Search code examples
scalaapache-sparkrddaccumulator

How to split a sorted RDD into n parts and get first element from each part?


I'm trying to extract some elements from a sorted RDD[String]. I tried with "zipWithIndex" and filtering the RDD by remainder to be zero.

val expectedSize = 165
val n = rddOfStrings.count / expectedSize

val resultArray = rddOfStrings.sortBy(x => x).zipWithIndex.filter(x => x._2 % n == 0).map(_._1).collect

The problem here is "n" is not always integer. If it was a double, the size of resultArray will not be equal to expectedSize (produces +1 or -1). How to make this to return a collection with same size?

P.S. I tried spark accumulator by passing a collection object to all executors. Because of very large dataset it failed.


Solution

  • The 165 parts cannot be equal, really - some of them will have to be larger than others assuming the total size is not a multiplication of 165.
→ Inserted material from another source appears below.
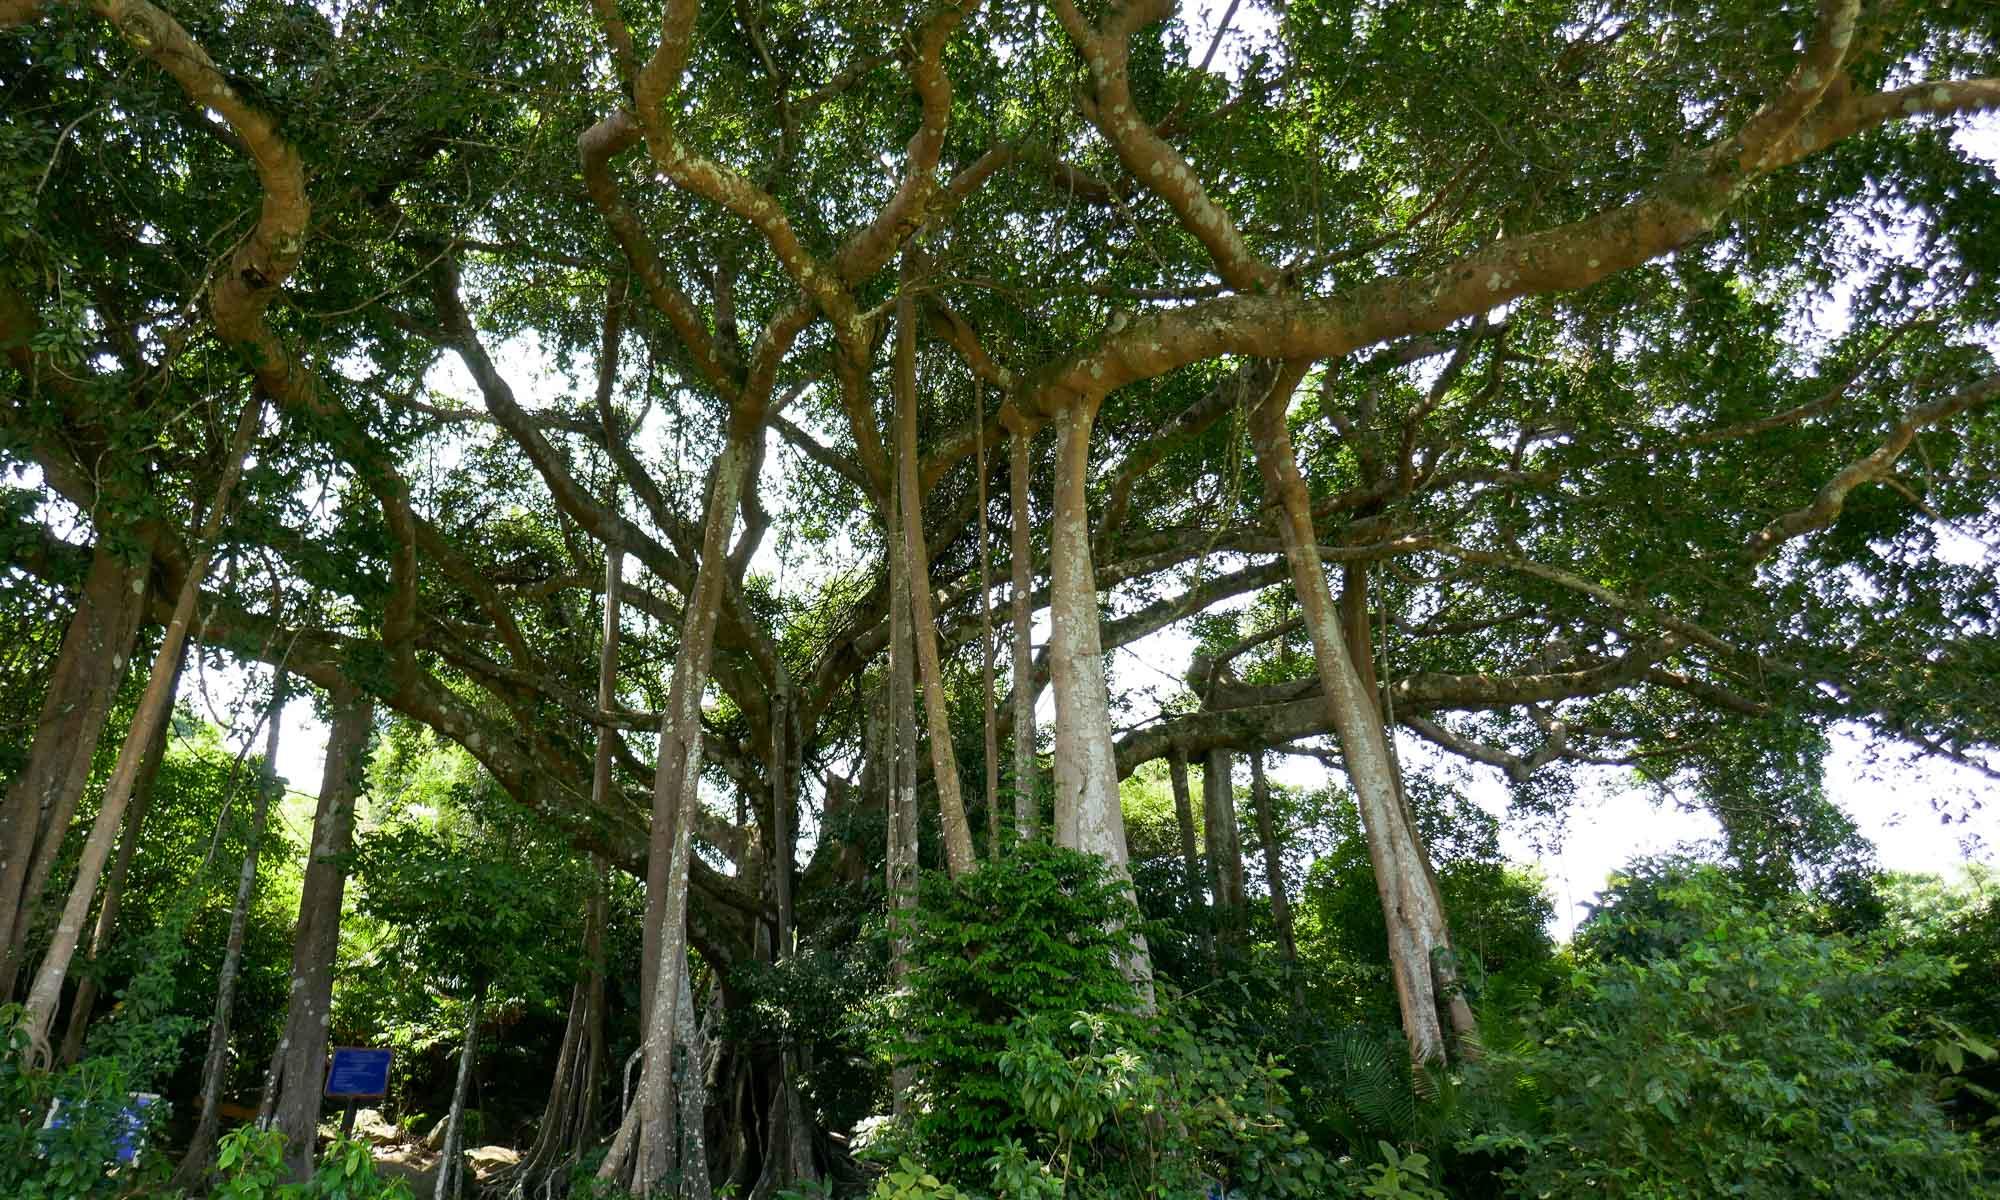 The 1,000 year old banyan tree

    To get these parts "as evenly distributed as possible", you can use a non-rounded n, create a Stream of n, 2n, 3n, ..., and then round each element in that Stream to get the indices of the elements you're after, then filter the RDD using contains:

    val expectedSize = 165
    val n: Double = rddOfStrings.count.toDouble / expectedSize
    
    val indices = Stream.iterate(0D)(x => x + n)
      .map(math.round)
      .take(expectedSize)
      .toList
    
    val resultArray = rddOfStrings.sortBy(x => x)
      .zipWithIndex
      .filter(x => indices.contains(x._2))
      .map(_._1)
      .collect